🤖 AI Summary
Low speech recognition accuracy for deaf and hard-of-hearing (DHH) individuals, coupled with the high user burden of existing personalized ASR adaptation—requiring extensive pre-recorded speech data—remains a critical challenge. This paper proposes a real-time collaborative ASR adaptation framework that shifts adaptation responsibility from unilateral user effort to bidirectional human–system cooperation. During natural dialogue, hearing participants provide real-time corrections, which dynamically generate personalized pronunciation prompts and trigger lightweight model fine-tuning. Evaluated with 12 DHH and 6 hearing participants, the system achieves significant word error rate reduction using only ~5 minutes of authentic conversational audio. To our knowledge, this is the first approach enabling low-overhead, highly usable, and conversationally embedded real-time collaborative optimization. It uniquely balances intuitiveness, minimal cognitive load, and practical deployability.
📝 Abstract
Automatic Speech Recognition (ASR) systems often fail to accurately transcribe speech from Deaf and Hard of Hearing (DHH) individuals, especially during real-time conversations.
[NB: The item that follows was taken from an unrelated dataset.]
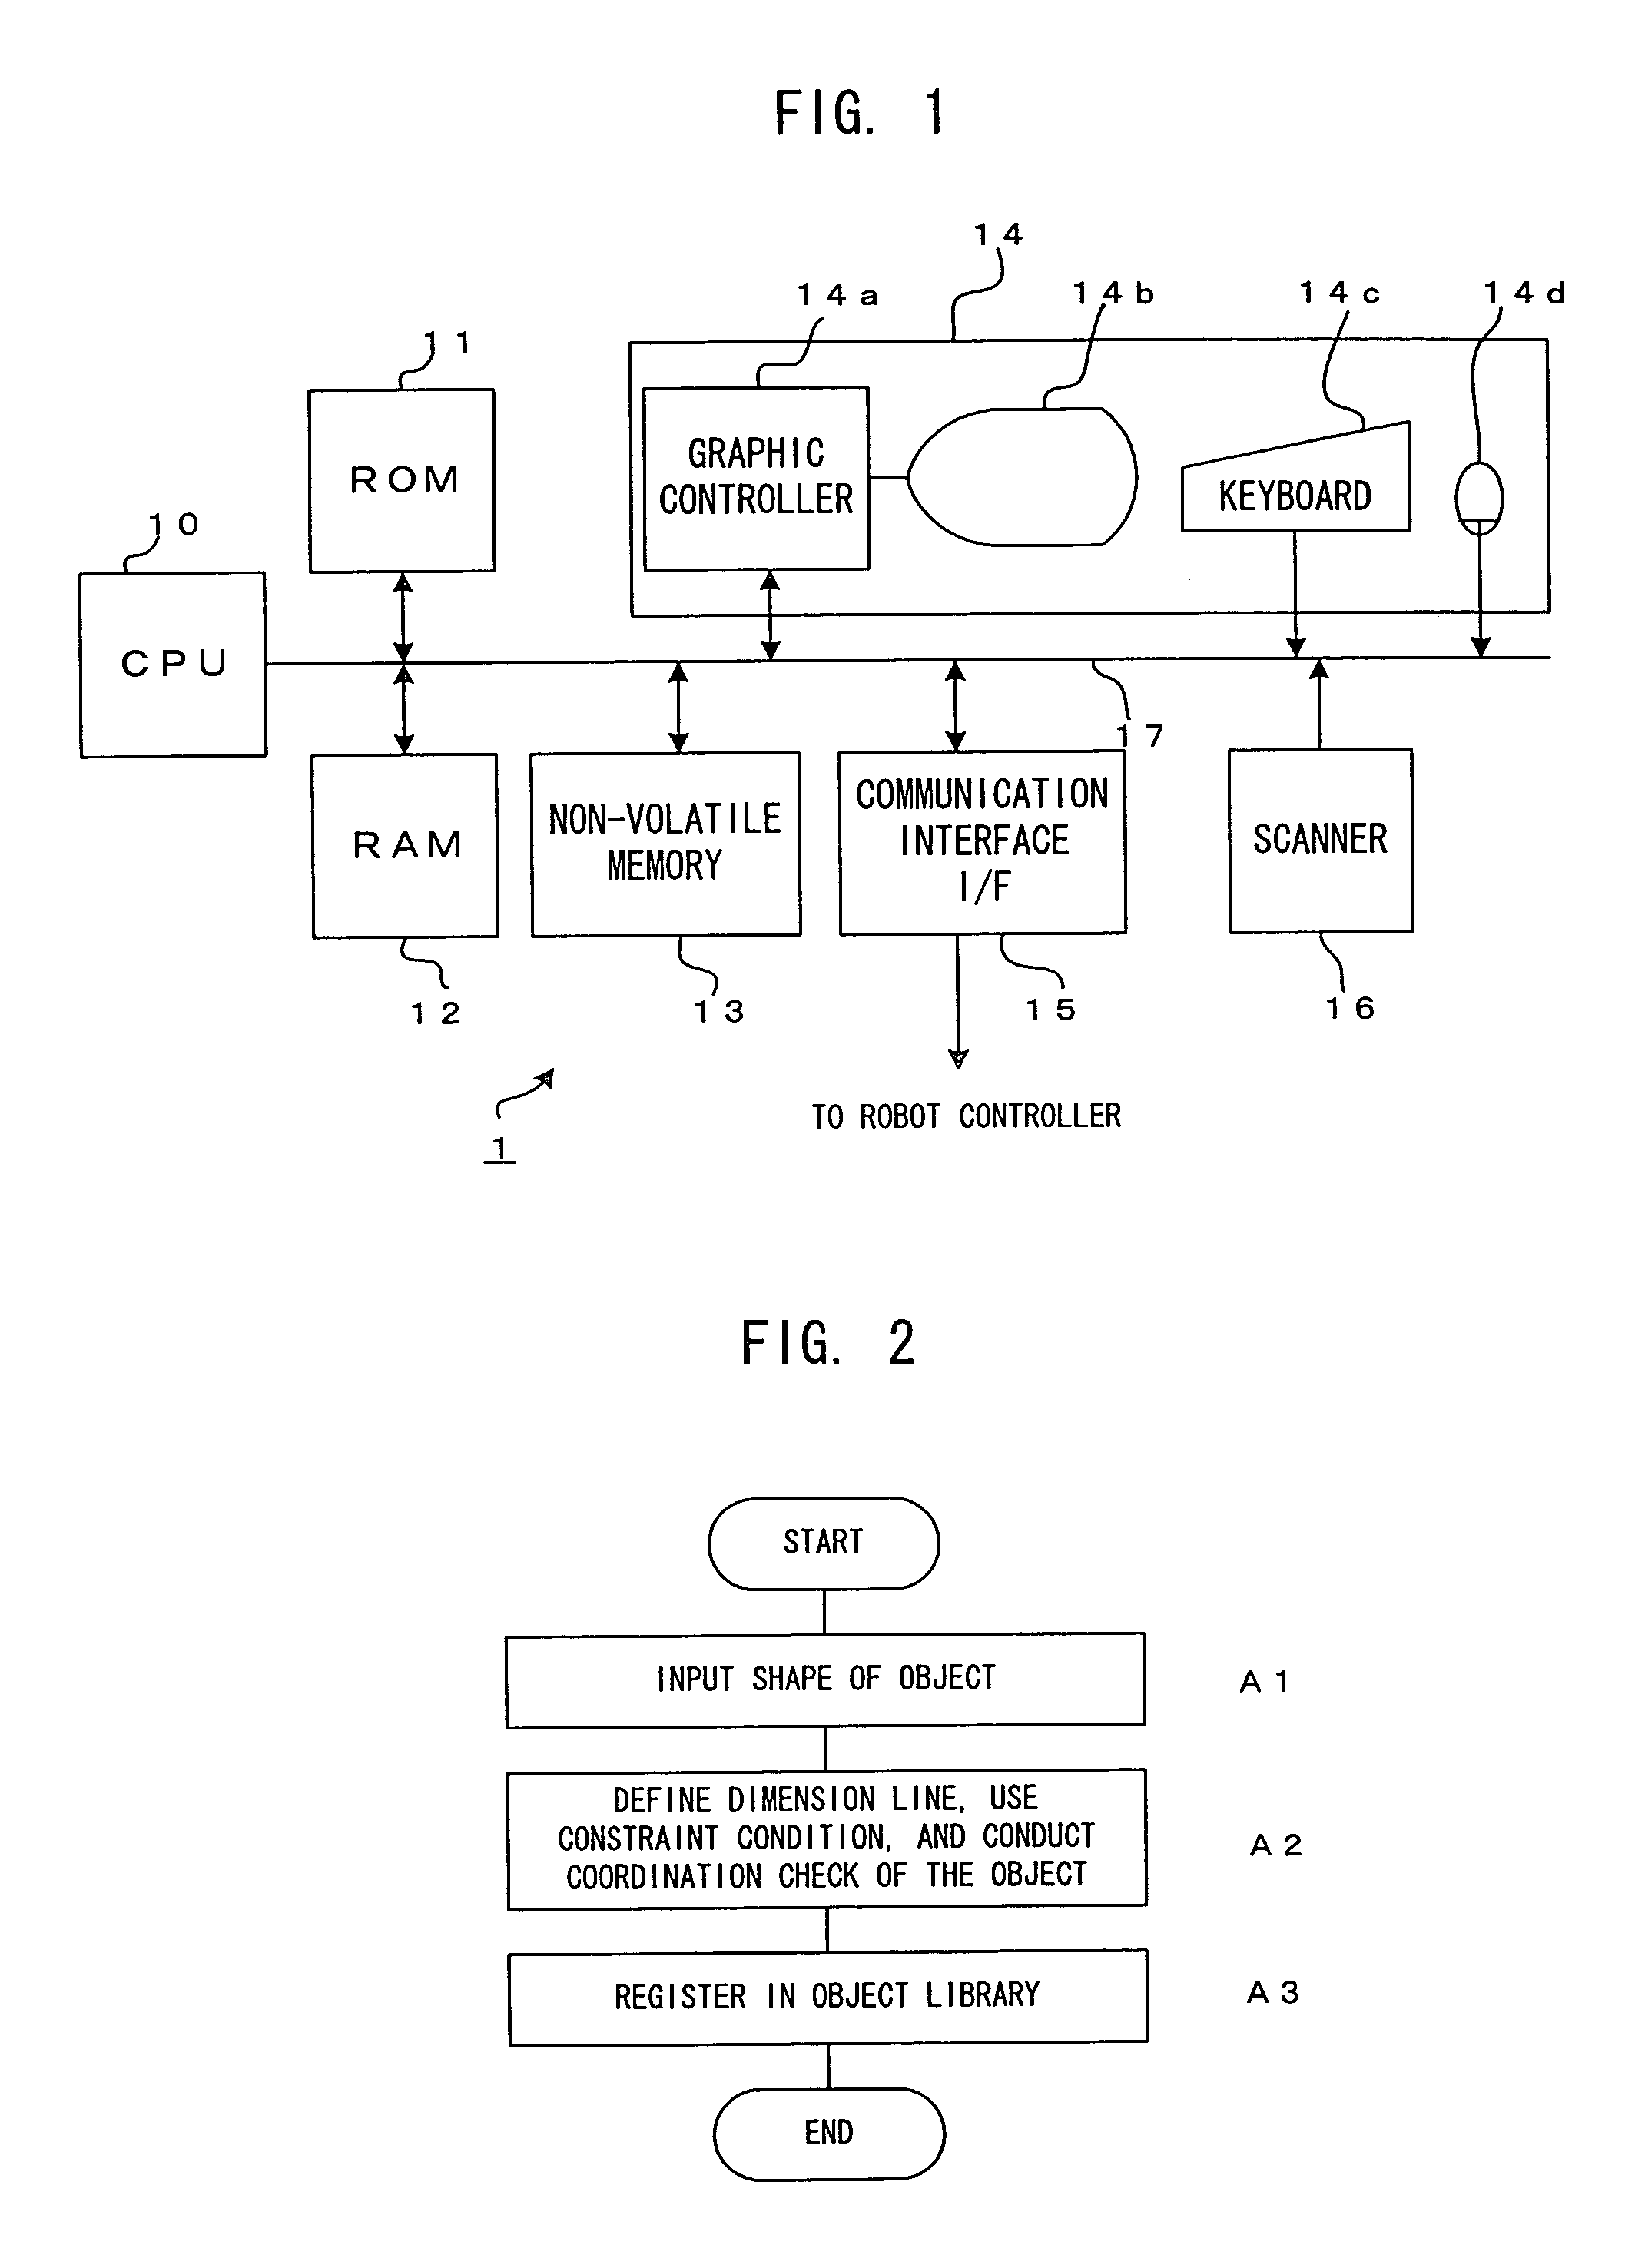 Graphic display apparatus for robot system

Existing personalization approaches typically require extensive pre-recorded data and place the burden of adaptation on the DHH speaker. We present EvolveCaptions, a real-time, collaborative ASR adaptation system that supports in-situ personalization with minimal effort. Hearing participants correct ASR errors during live conversations. Based on these corrections, the system generates short, phonetically targeted prompts for the DHH speaker to record, which are then used to fine-tune the ASR model. In a study with 12 DHH and six hearing participants, EvolveCaptions reduced Word Error Rate (WER) across all DHH users within one hour of use, using only five minutes of recording time on average. Participants described the system as intuitive, low-effort, and well-integrated into communication. These findings demonstrate the promise of collaborative, real-time ASR adaptation for more equitable communication.